From the listing that follows, reproduce only the lines from the one holding "1x Rechthoekige placemats" through the one holding "La Infanta Sofía", both included, with no pictures.

[Opening Task material section]

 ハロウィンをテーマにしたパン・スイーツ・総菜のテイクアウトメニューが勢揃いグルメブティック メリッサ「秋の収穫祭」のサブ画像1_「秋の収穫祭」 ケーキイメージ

[Closing Task material section]
[Opening Task material section]

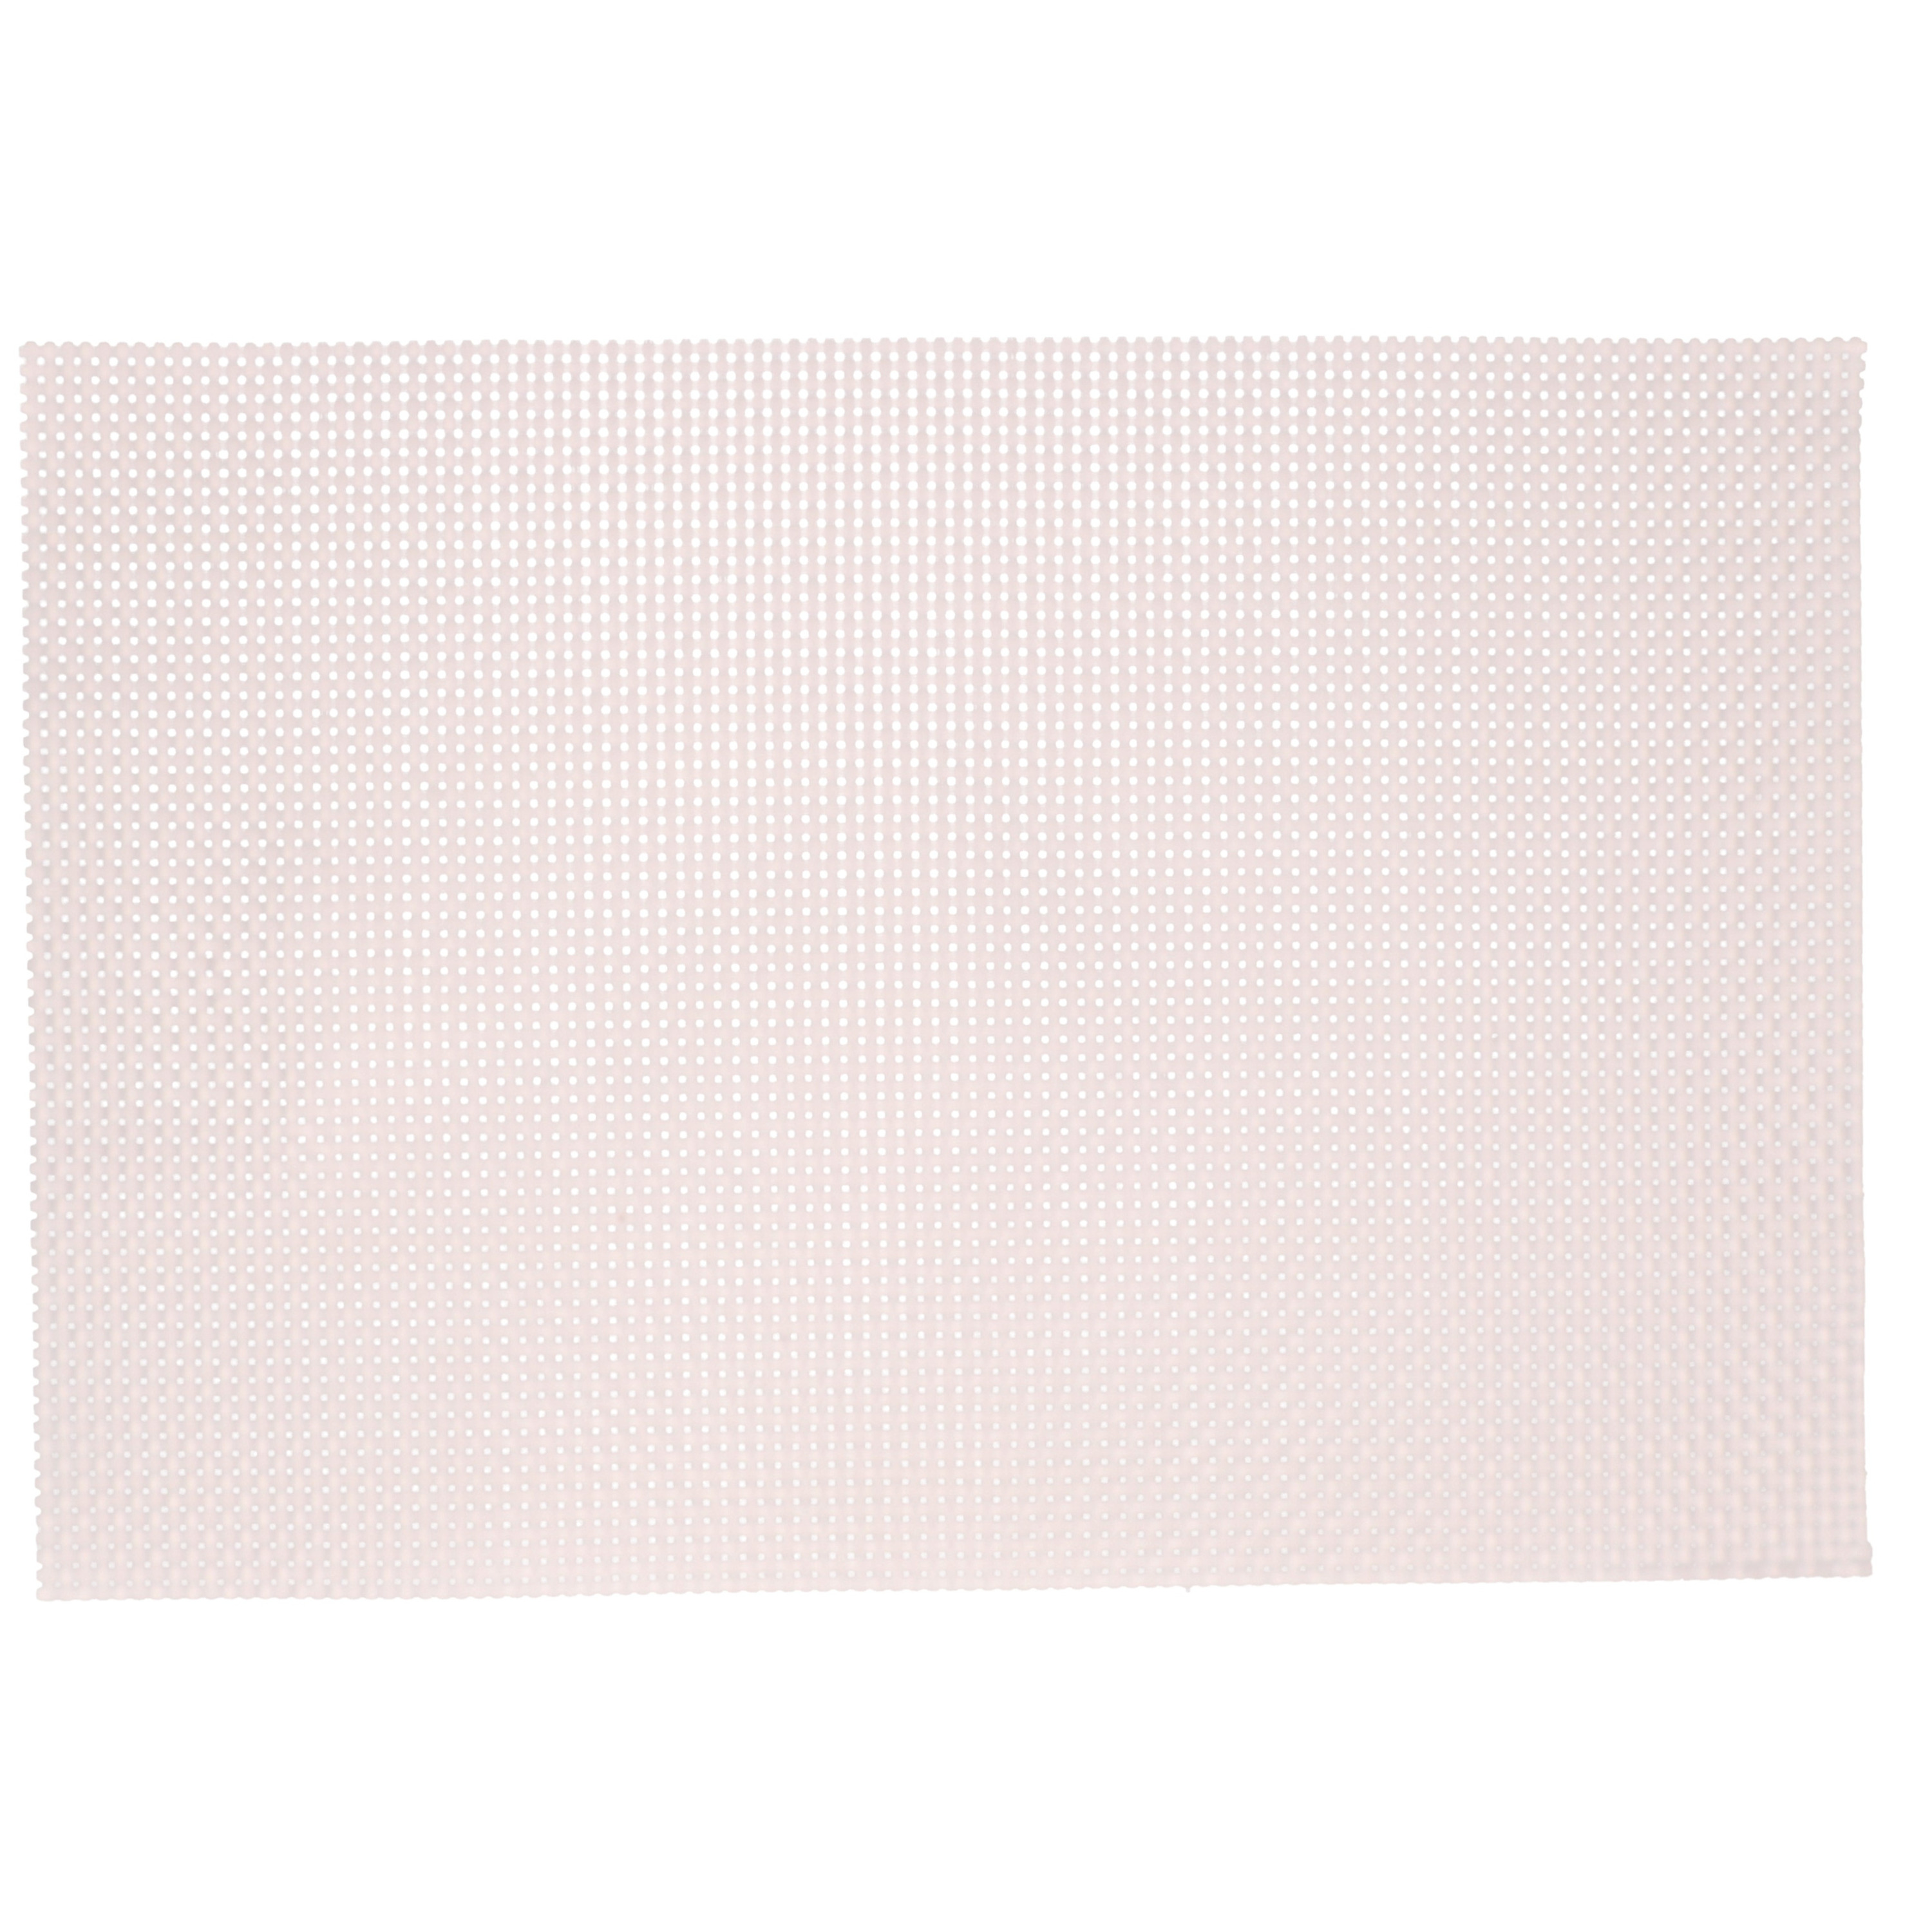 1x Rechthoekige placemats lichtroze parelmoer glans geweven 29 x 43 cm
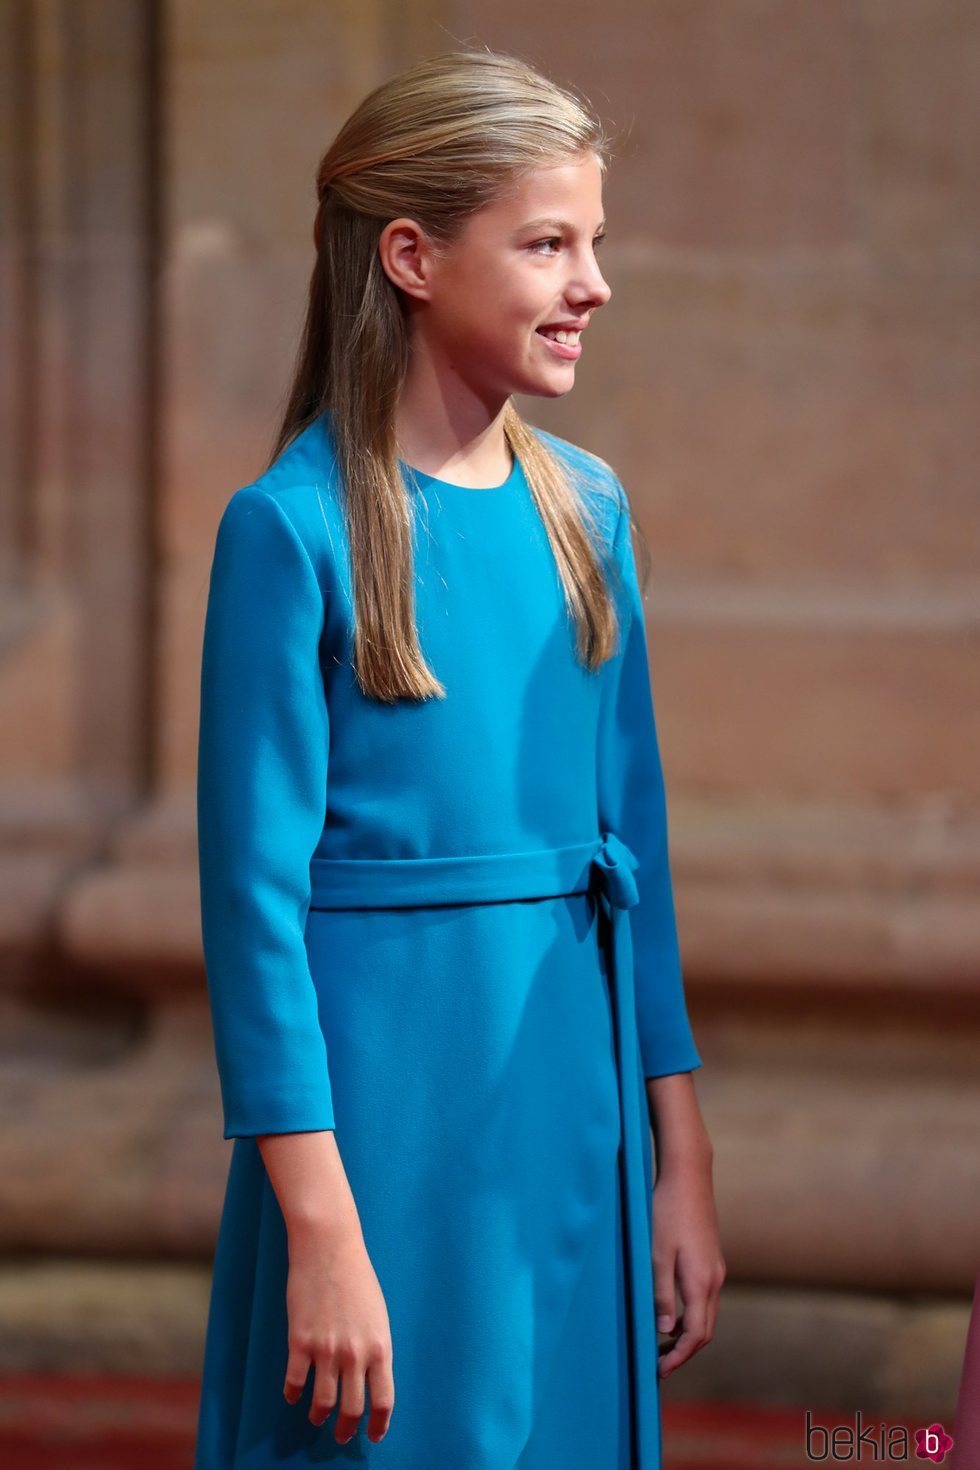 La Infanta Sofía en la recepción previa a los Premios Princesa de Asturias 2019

[Closing Task material section]

▶ **Solution for this exercise**:
 1x Rechthoekige placemats lichtroze parelmoer glans geweven 29 x 43 cm
 La Infanta Sofía en la recepción previa a los Premios Princesa de Asturias 2019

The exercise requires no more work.